Polish film slanders Polish border guards for doing their job

Director Agnieszka Holland poses for photographers upon arrival for the premiere of the film "Green Border" during the 80th edition of the Venice Film Festival in Venice, Italy, on Tuesday, Sept. 5, 2023. (Photo by Vianney Le Caer/Invision/AP)
By Grzegorz Adamczyk
3 Min Read

The Polish film director, Agnieszka Holland, who has just taken her new film “Green Border” to the Venice Film Festival, is good at playing the role of persecuted artist because it opens doors at all progressive salons. The anti-Polish message of her film helps too.

At the same time, she objects to anyone taking issue with her or her work. While being prepared to accuse Polish border guards of being criminals, she threatens to sue Justice Minister Zbigniew Ziobro for his criticism of her. 

Her film was controversial right from the outset. This is because its message fits into the Russian narrative by attacking Poland for defending its borders and the inhabitants of the border areas for supposed racism. The film has been made at a time when the international community has recognized that Belarus has deliberately weaponized migrants in order to weaken Europe and cause chaos for the benefit of Russia. 

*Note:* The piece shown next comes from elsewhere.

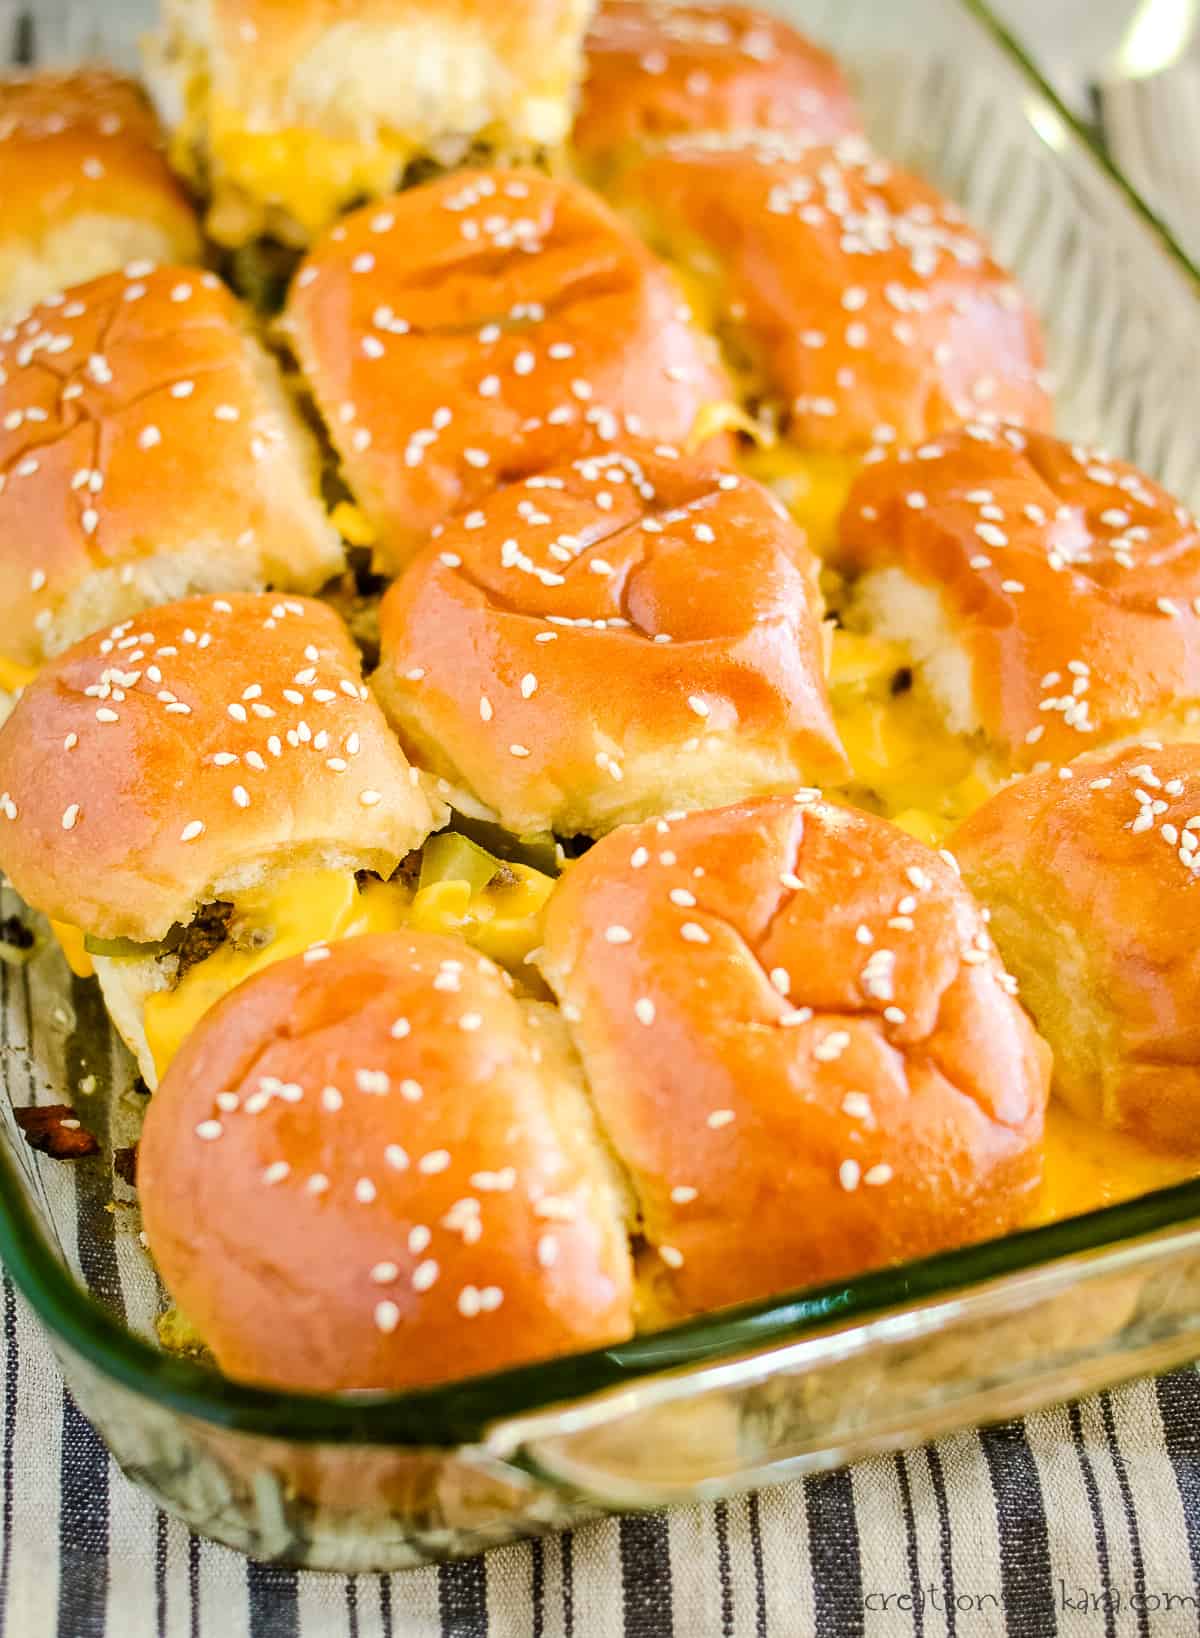 pan of baked hawaiian roll cheeseburger sliders

Russia’s efforts are a provocation that was meant to spark a reaction inside Poland, and Agnieszka Holland has taken the bait. She should not be surprised by the criticism she has now attracted in Poland. 

She has never hidden her hostility towards the right and the present government. She has compared migrants coming into Poland with the plight of the Jews during the Second World War and called border guards “criminals in uniform.” Repeatedly, she has asserted that there is no freedom in Poland. The picture she paints of Poles in her film is one of cowardly informers and people whose xenophobia is essentially a form of paranoia. 

This is why there is outrage at the way she is manipulating what Lukashenko’s operation is about. Justice Minister Zbigniew Ziobro compared her film to the Third Reich’s propaganda films, which portrayed Poles as murderers and criminals. 

That in turn offended Holland who, despite stripping border guards of their dignity with her film, took Ziobro’s words as slander and demanded an apology and over €10,000 to be paid to charity. 

Her tales of artists being persecuted in Poland are becoming tiresome. There is no persecution of artists in Poland. They are free to say what they like and use that freedom extensively. Criticism of Holland’s film is simply a statement of protest against lies and manipulation.